Будь у меня спирт, я бы и рану промыл спиртом, а так пришлось обмывать края кипячёной водой, аккуратно промакивать тряпочкой, удаляя лишнюю кровь, которой и так уже натекло, как с доброго порося.
— Повезло тебе, Вася, что ножик острый был, гляди, края какие ровные, — сказал Григорий.
— Давай зашивай, — выдохнул я. — Стежки частые, края вместе своди…
— Уж этому-то не учи, — фыркнул он. — Держите его, мужики, чтоб не убежал…
Трифон навалился мне на ноги, Сенька с Никифором схватили за плечи, Кирилл держал лучину и бормотал молитву. Григорий плеснул остатки водки на рану, и я выгнулся дугой от жгучей боли.
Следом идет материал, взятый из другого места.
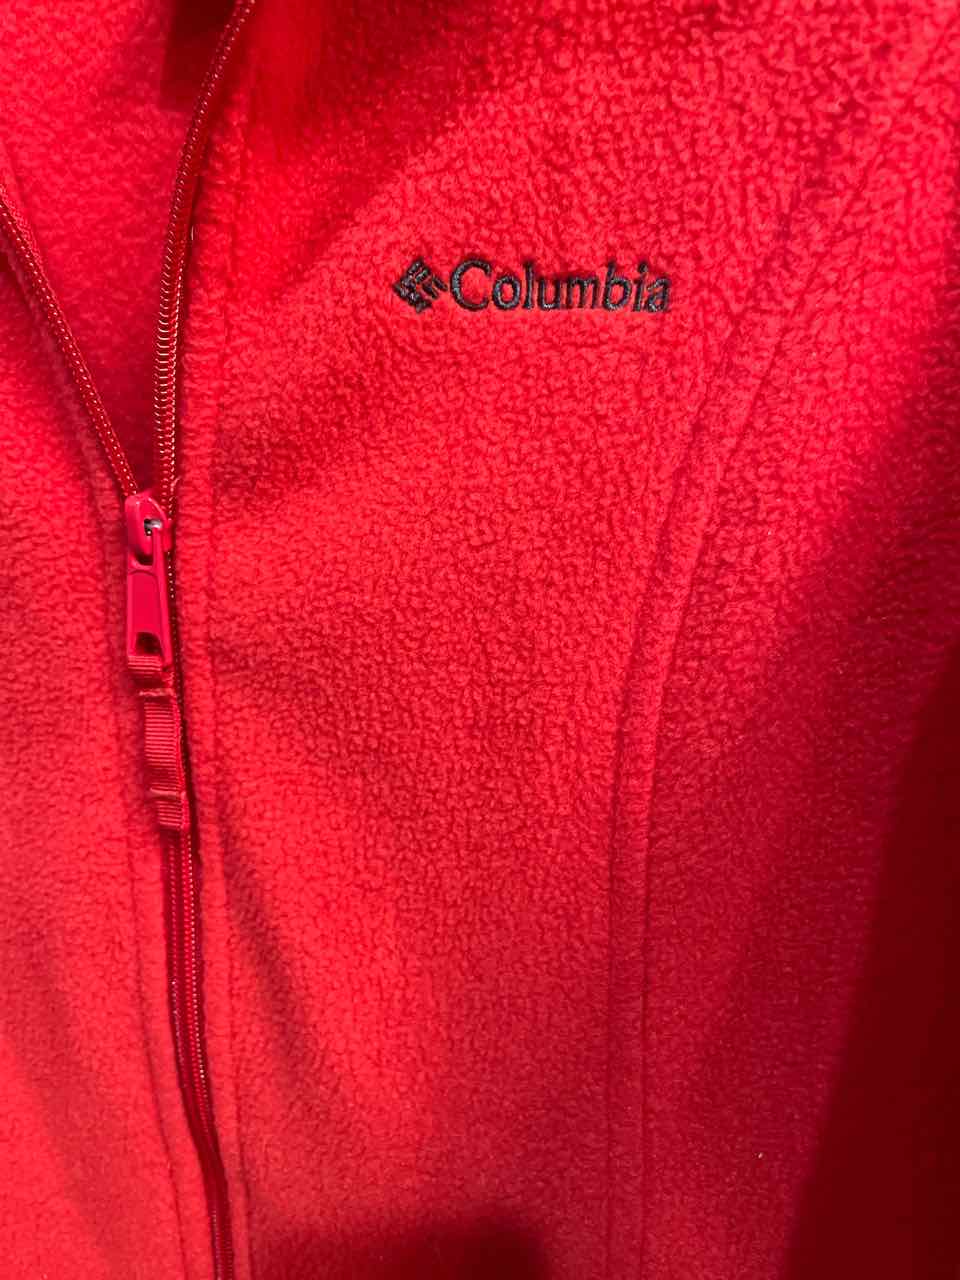 S - Columbia Jacket

В глазах потемнело, из груди невольно вырвался стон, и Иваныч сунул мне в зубы мой же ремень. Григорий начал шить.
Иглой он работал и впрямь умело, ловко, видать, зашивал раны уже не в первый раз. Прошлое у Григория было тёмное, надо думать, и не такое шить приходилось, и себе, и другим. Каждый стежок, однако, вспыхивал болью, и я сильнее прикусывал ремень, мычал, обливался холодным потом, но терпел. Куда деваться, ближайшая поставка лидокаина будет только лет через двести. А анестезию деревянной киянкой я не признавал. Пожалуй, надо было водку всё-таки принять внутрь.
Когда всё кончилось, я вконец обессилел. Уже и не чувствовал, как меня в четыре руки приподнимают и перевязывают чистым прокипячённым бинтом.
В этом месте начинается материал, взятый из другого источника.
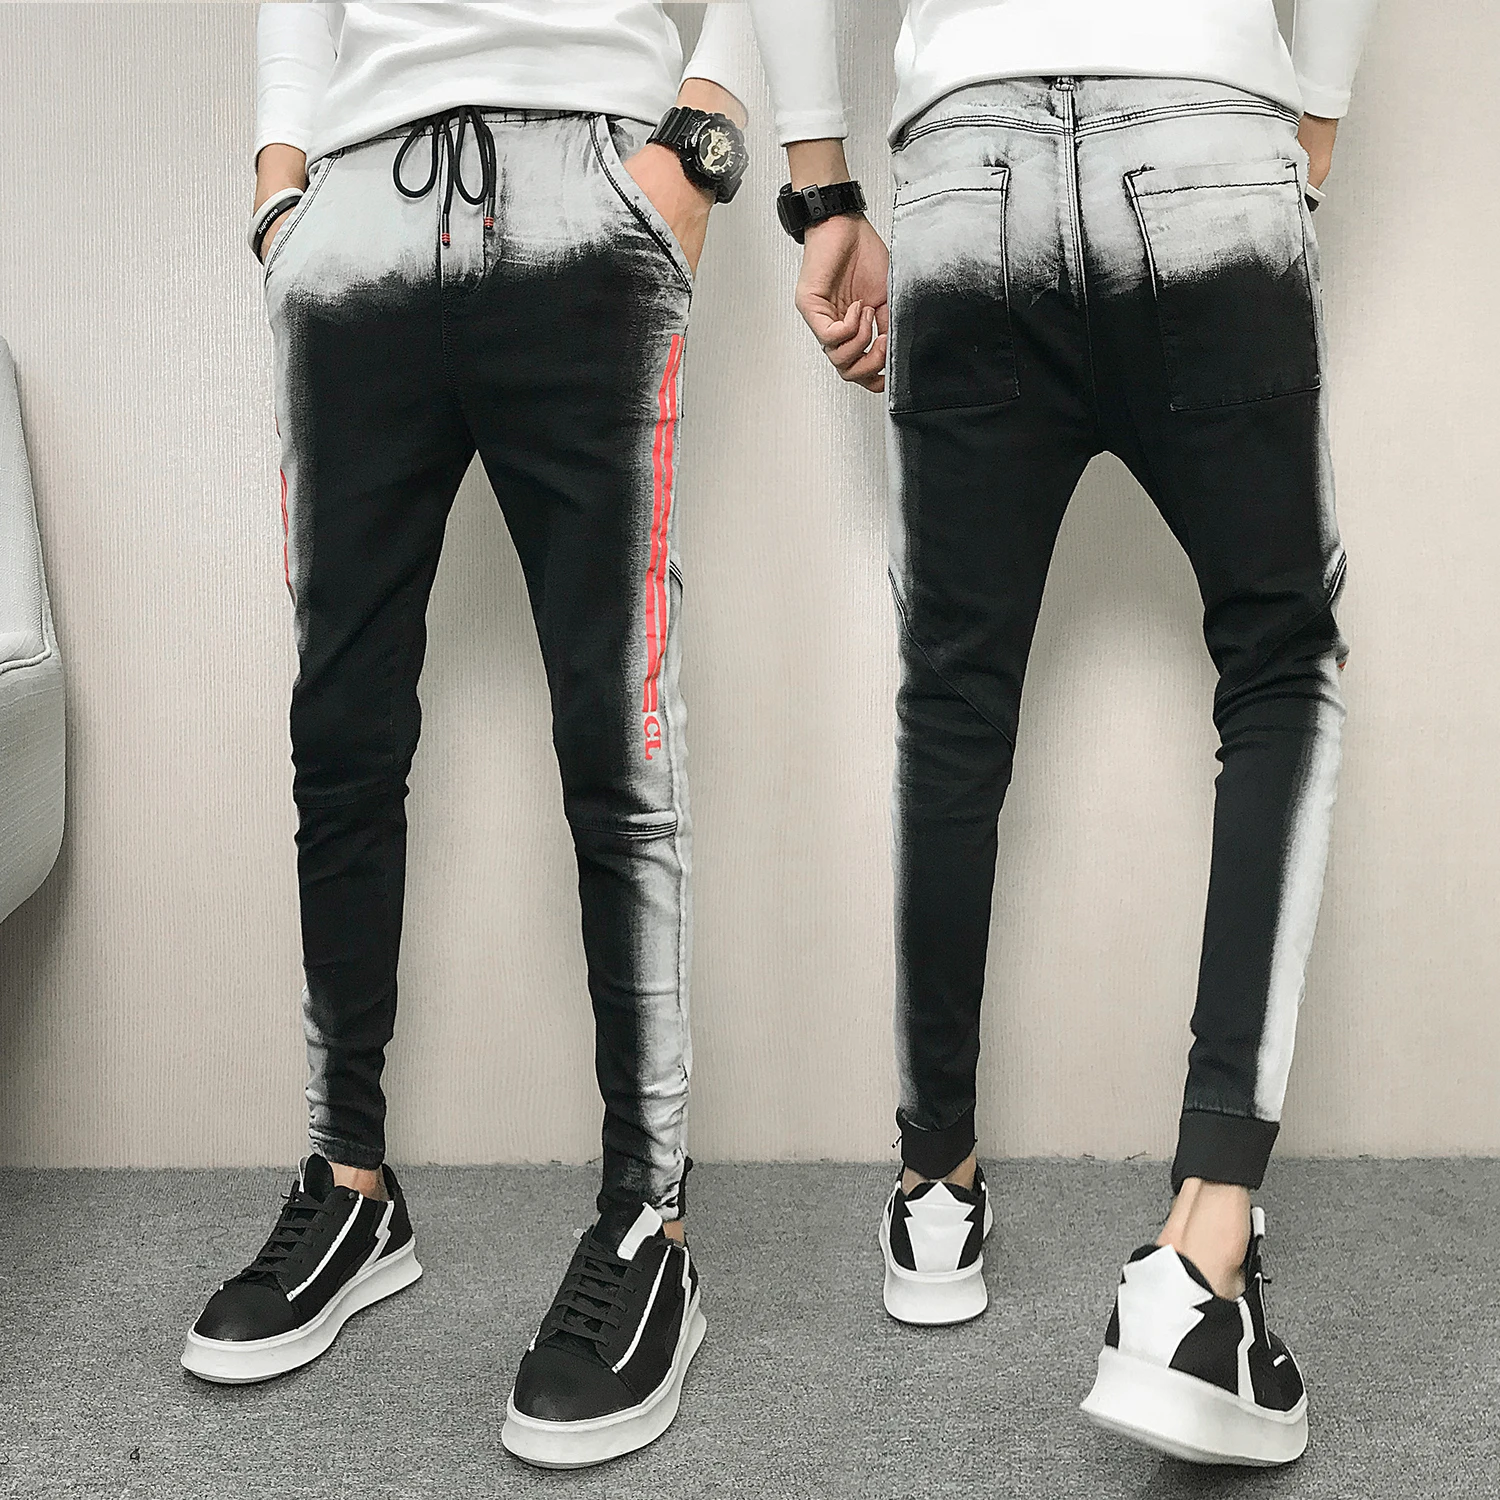 Мужские узкие джинсы брюки байкерские джинсы Модные джинсы зима 2018 мужские узкие джинсы прилив социальный парень

— Жить будешь, барчук, — осклабился Григорий, утирая руки. — Коли антонов огонь не сделается.
— Не сделается… — выдохнул я, проваливаясь в тяжёлое забытье. — Чисто шили…
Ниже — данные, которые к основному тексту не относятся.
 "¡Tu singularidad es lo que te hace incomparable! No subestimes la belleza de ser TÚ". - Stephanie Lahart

Несколько дней я провалялся в горячке. Не так, как в прошлый раз, и не как валялись при дизентерии, но рана всё равно есть рана, и организм боролся. Меня то знобило, то бросало в жар, рану под повязкой дёргало и тянуло. Артель выхаживала меня как могла, теперь не только один Иваныч обо мне заботился. Кормили, поили, меняли повязку, как я научил, выводили до ветру. Больше всех усердствовали Никифор с Трифоном, и я принимал их заботу как должное.
На поправку пошёл довольно быстро, рана не загноилась и не воспалилась. Чистый шов, чистая повязка, своевременный уход сделали своё дело. Через пару дней жар спал, я смог сидеть, потом вставать, держась за стену или за Трифона. Слабость ещё долго не отпускала, каждое неловкое движение простреливало болью, но самое страшное было уже позади, я выкарабкался, и сделал это сам, без помощи полкового коновала.
Тут-то и выяснилось, что неприятности мои только начинаются.
Потому что разбойник, которого я отпустил с миром, оказался подлее и хитрее, чем я ожидал.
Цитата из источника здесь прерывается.